The idea that everyone can cook from scratch ignores time, money and access. Here’s the uncomfortable class politics behind a seemingly simple conversation.
Not long ago, a well-meaning public health campaign asked British families to “cook from scratch more often.” The phrase appeared across leaflets, websites and social media graphics, accompanied by images of neatly equipped kitchens, fresh herbs in small pots on windowsills, and the kind of relaxed domestic ease that tends to appear only in photographs. The campaign was designed to improve nutrition. What it also inadvertently revealed was how thoroughly the idea of cooking from scratch had become embedded in the assumptions of a particular social class.
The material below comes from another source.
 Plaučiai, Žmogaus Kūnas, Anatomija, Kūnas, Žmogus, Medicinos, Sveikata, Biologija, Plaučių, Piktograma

To cook from scratch requires several things that are not evenly distributed across the population: time, money, equipment, space, and a specific kind of knowledge. The absence of any one of these creates a barrier. The absence of all of them makes scratch cooking, for many families, functionally impossible not because of indifference or ignorance, but because of the material conditions of modern life.
The Time Problem
The central issue, for many families, is time and the way that time poverty maps onto economic precarity. The intensification of working hours over the past four decades has been unevenly experienced. Professional workers in knowledge industries have seen wages rise in ways that provide some capacity to buy time back: through ready meals, meal delivery services, restaurant eating. The increasing number of workers in low-wage, casualised employment managing multiple jobs, shift patterns that change week to week, or caring responsibilities alongside work have experienced the time squeeze without the financial compensations.
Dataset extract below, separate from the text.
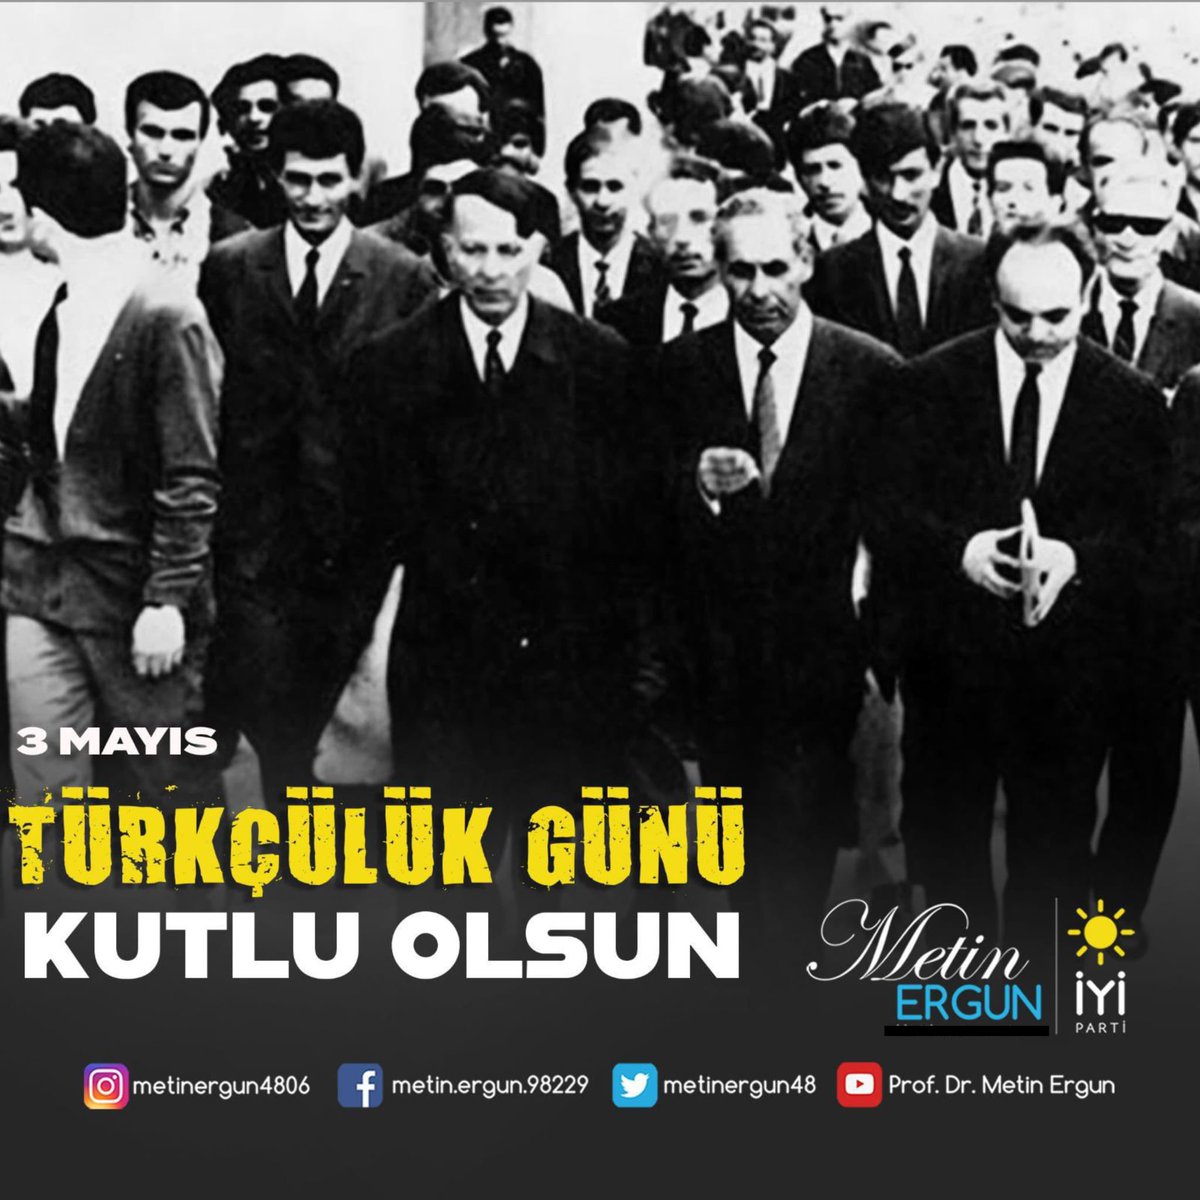 “Türkçülük öyle şerefli bir bayraktır ki, onu vatanın her köşesinde durmadan dalgalandırmak her Türk’ün ilk ve milli vazifesidir.' —Mustafa Kemal Atatürk #3MayısTürkçülükGünü kutlu olsun.

For a parent working until six who then takes two buses home, arriving back at seven-thirty with a hungry child, the choice between a nutritious scratch-cooked meal and a processed alternative is not really a choice in any meaningful sense. It is a triage decision made under structural duress.
The Knowledge Gap Is Real But Misdescribed
A persistent narrative in public health suggests that poor diet is partly a matter of lost culinary knowledge. This is partly true. Practical cooking skills have declined across the population, and the removal of home economics from the mainstream school curriculum in Britain has had real consequences. But the narrative becomes misleading when it implies that knowledge alone is the limiting factor.
Research by the New Economics Foundation found that among lower-income households, the primary barriers to cooking from scratch were cost and time, not knowledge. The people most frequently positioned as lacking the skills to cook often know perfectly well how to make a lentil soup or a vegetable curry. What they lack is the two hours and the fifteen pounds of ingredients to do it on a Tuesday evening after a double shift.
What Would Actually Help
The practical steps that would genuinely expand access to scratch cooking are structural. Affordable, well-equipped community kitchen facilities a model that exists in several other countries and in some UK community centres extend the possibility of batch cooking to people who lack the infrastructure at home. Free school food, including breakfast, reduces the number of meals that stressed parents need to provide in a day. Income policies that reduce the depth of in-work poverty give people the budget float to stock a basic store cupboard.
What will not help is the suggestion explicit or implied that people are eating badly because they have not tried hard enough to learn. The conditions that make cooking from scratch difficult for many British families are not personal failings. They are policy outcomes. And they require policy solutions.